自室でブランドの新作のパターンを起こしているとふと、私は窓を開け、腕を外に伸ばしました。空気がゆらいでいます。
7月20日
ひんやりと冷たい空間で息を潜めるように過ごし、早5日。
今日は、現26代S4の武道館ライブ。それを知ったのは、ゆずから2人で後輩の勇姿を見に行こう!と、特等席のチケットを渡されたからでした。
ゆずにとっては2年を過ごした特別な場所。私には、到達できなかった、特別な場所。
扉を開きました。
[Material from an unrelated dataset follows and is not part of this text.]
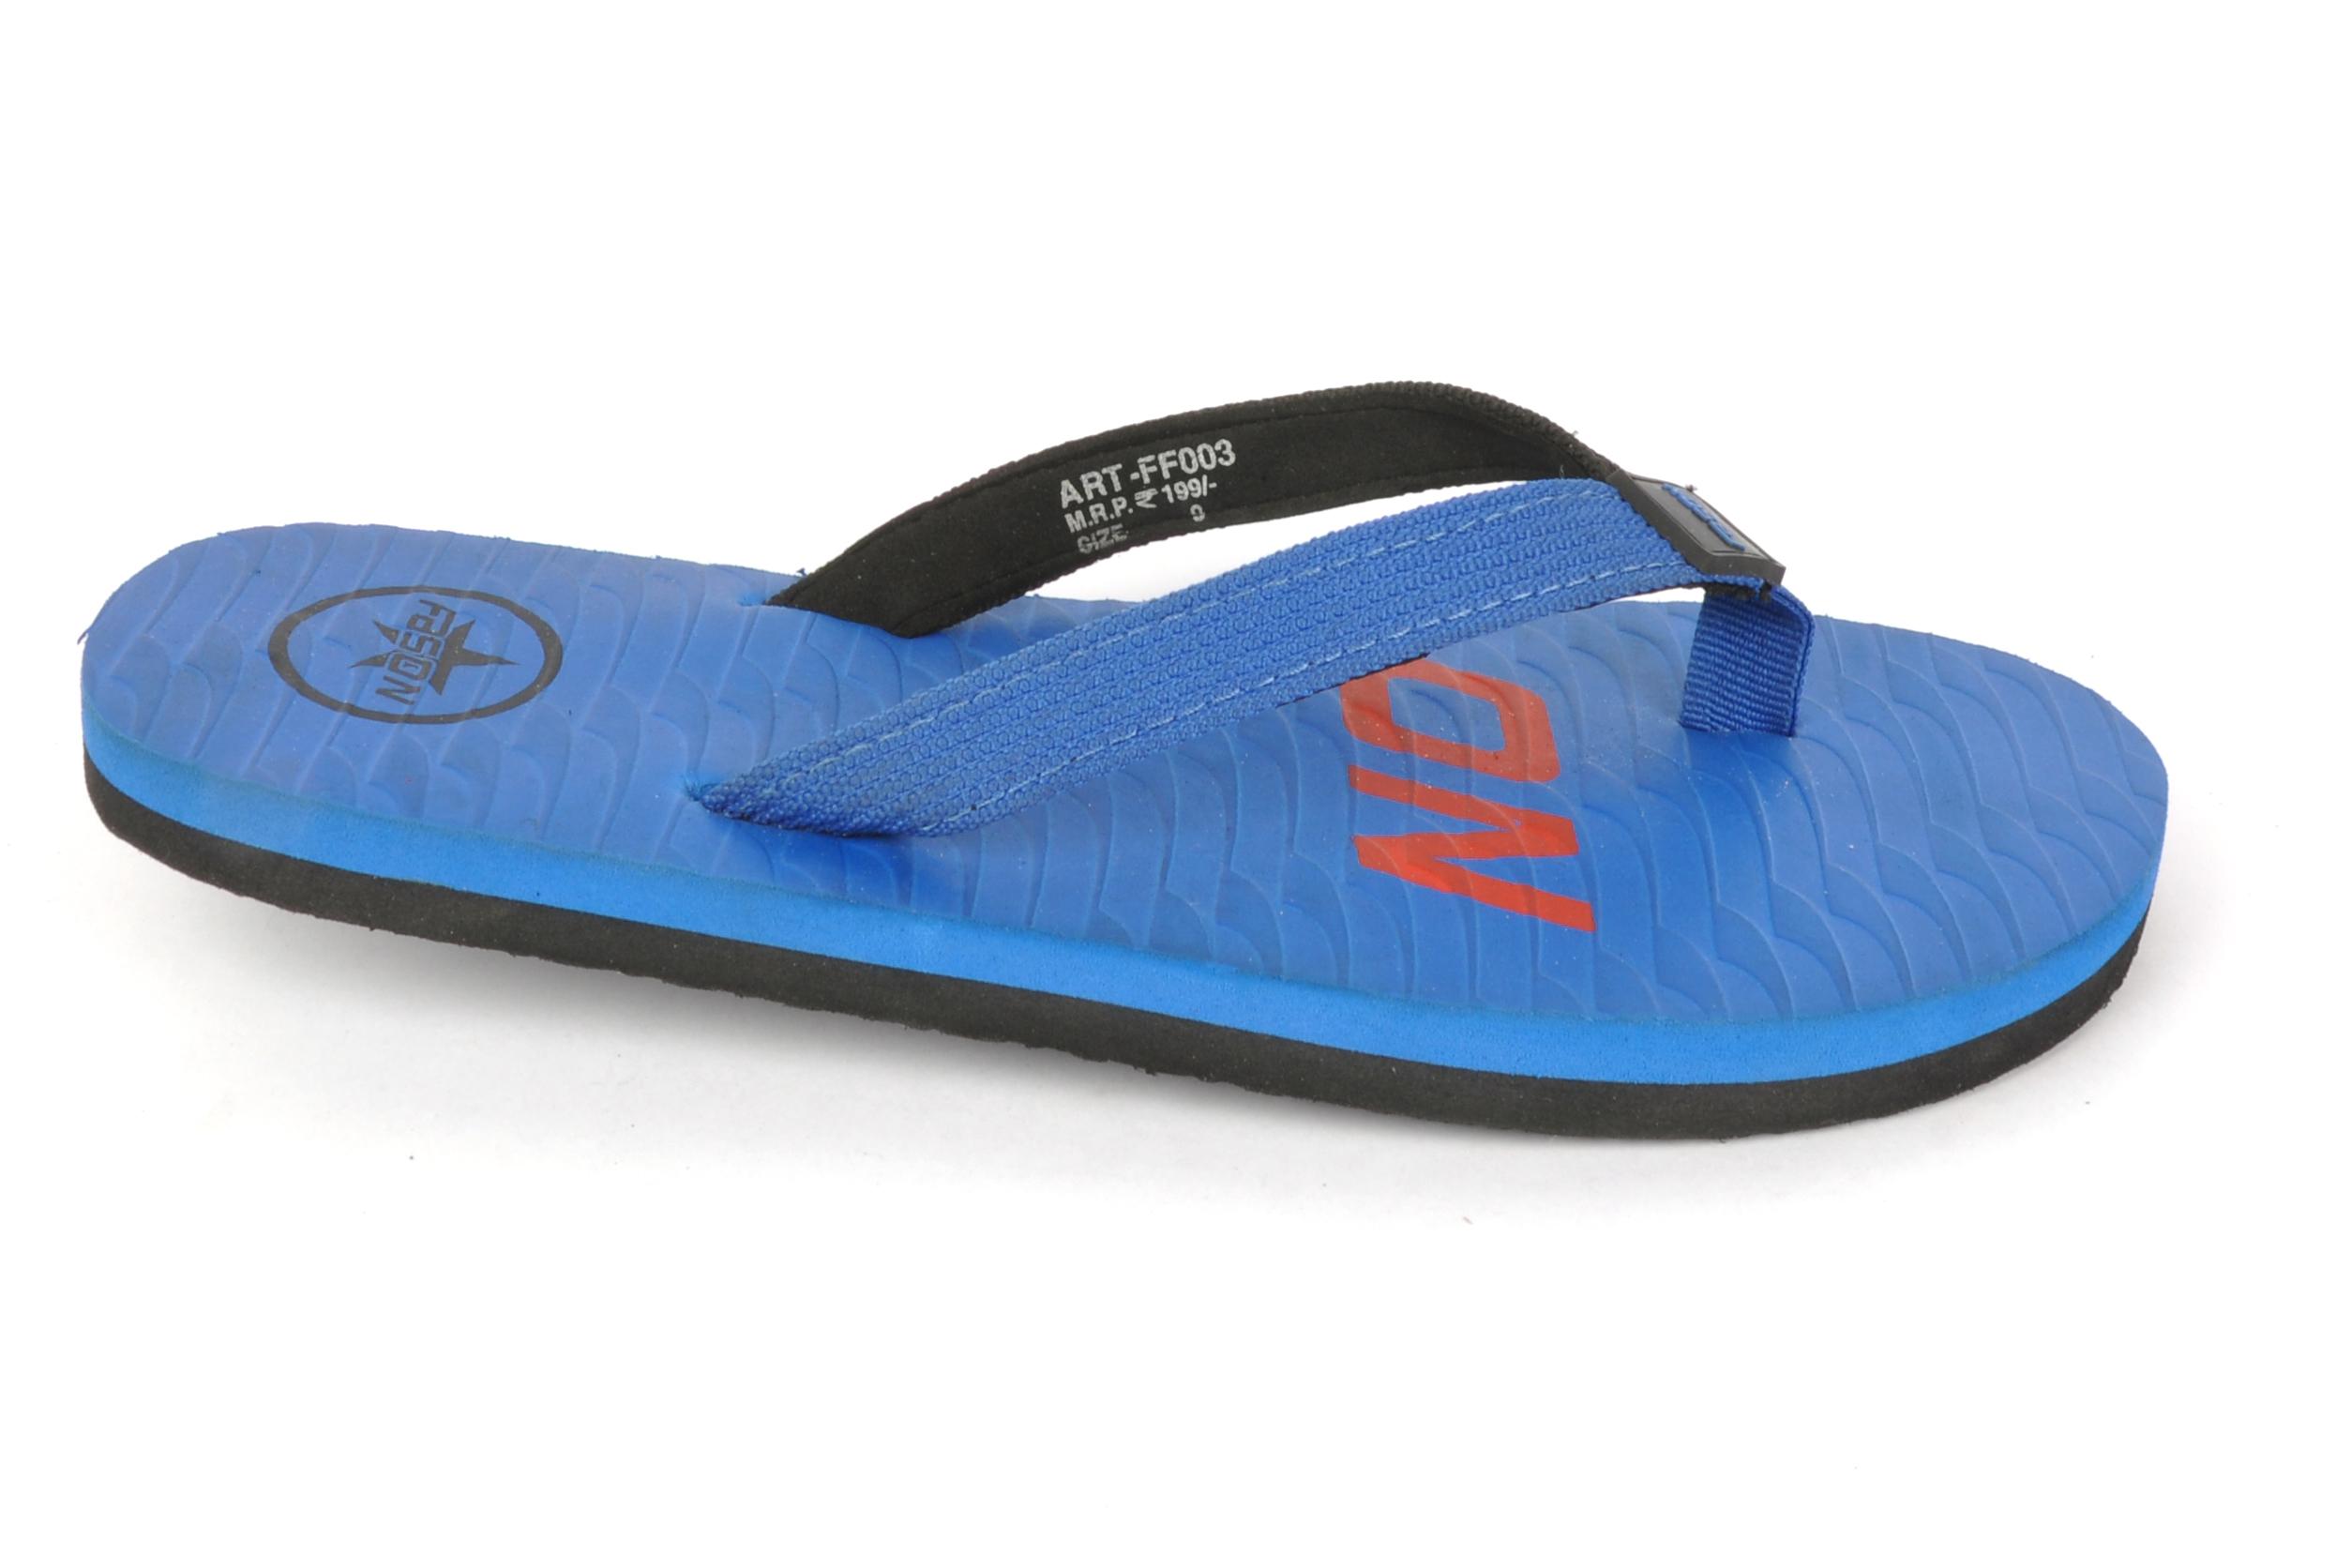 Blue Flip Flop Slipper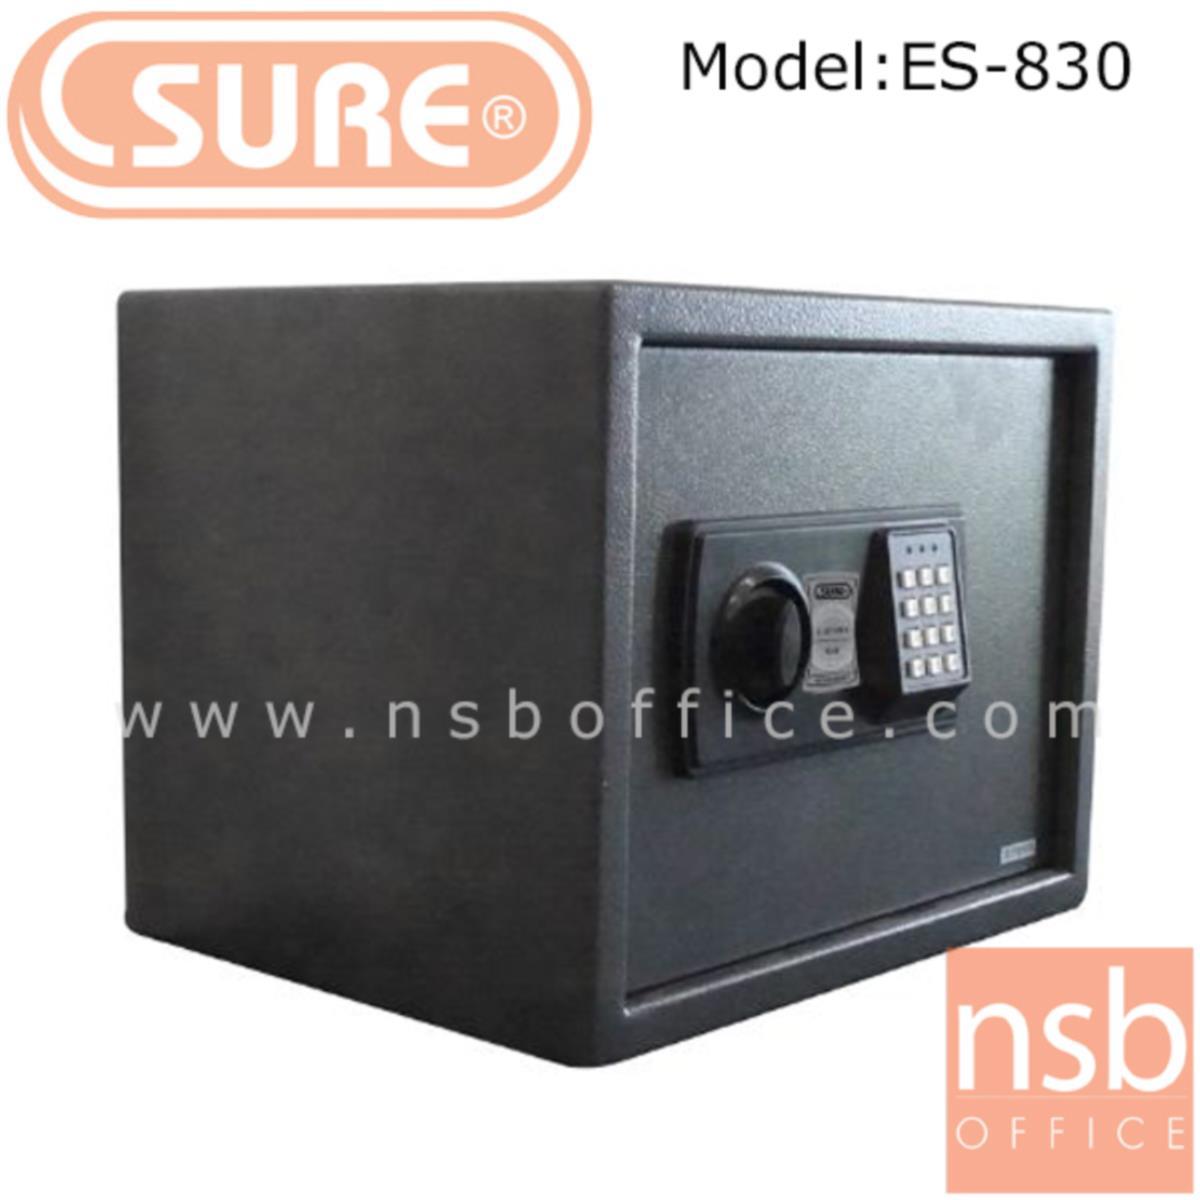 F03A016:ตู้เซฟดิจตอล SR-ES830 น้ำหนัก 11 กก. (1 รหัสกด / ปุ่มหมุนบิด)

もう17時、いえ、まだ17時でしょうか。外の気温は高く、日が落ちる もありません。
前髪で隠した冷えピタを見せないよう大きめのつばの付いた麦わら帽子を被り、私は夏の空の下を歩きます。
瞬間、身体中の体温が上がるのを私は感じました。きゅっと一瞬目を瞑ります。
「リリエンヌ!今日もう大丈夫?」
ゆずが走って私の前まで来たのでした。
「…ゆず。太陽が落ちてきたのかと思いましたよ。」
「相変わらずリリエンヌはポエムっこさんだぞ!それより外、暑いから車で送ってもらうぞ。こっち。」
ゆずと会うのはフェスの日ぶり。世界はあれよりもうすっかり夏に染まっておりました。遠くの入道雲、どこから聞こえる蝉の声。
…こんな時期から鳴き続けて、ただでさえ短い時間しか外で生きられないのに。彼らは何を思い生涯の残り5%を地上で過ごすと決めたのでしょう。私は太陽に手を伸ばします。日傘から出た白い手を焦がす感触が伝わる。
「太陽に、憧れてしまったのでしょうか。」
口からほろりと零した言葉にゆずは気づくこともなく、私たちは武道館へ向かいました。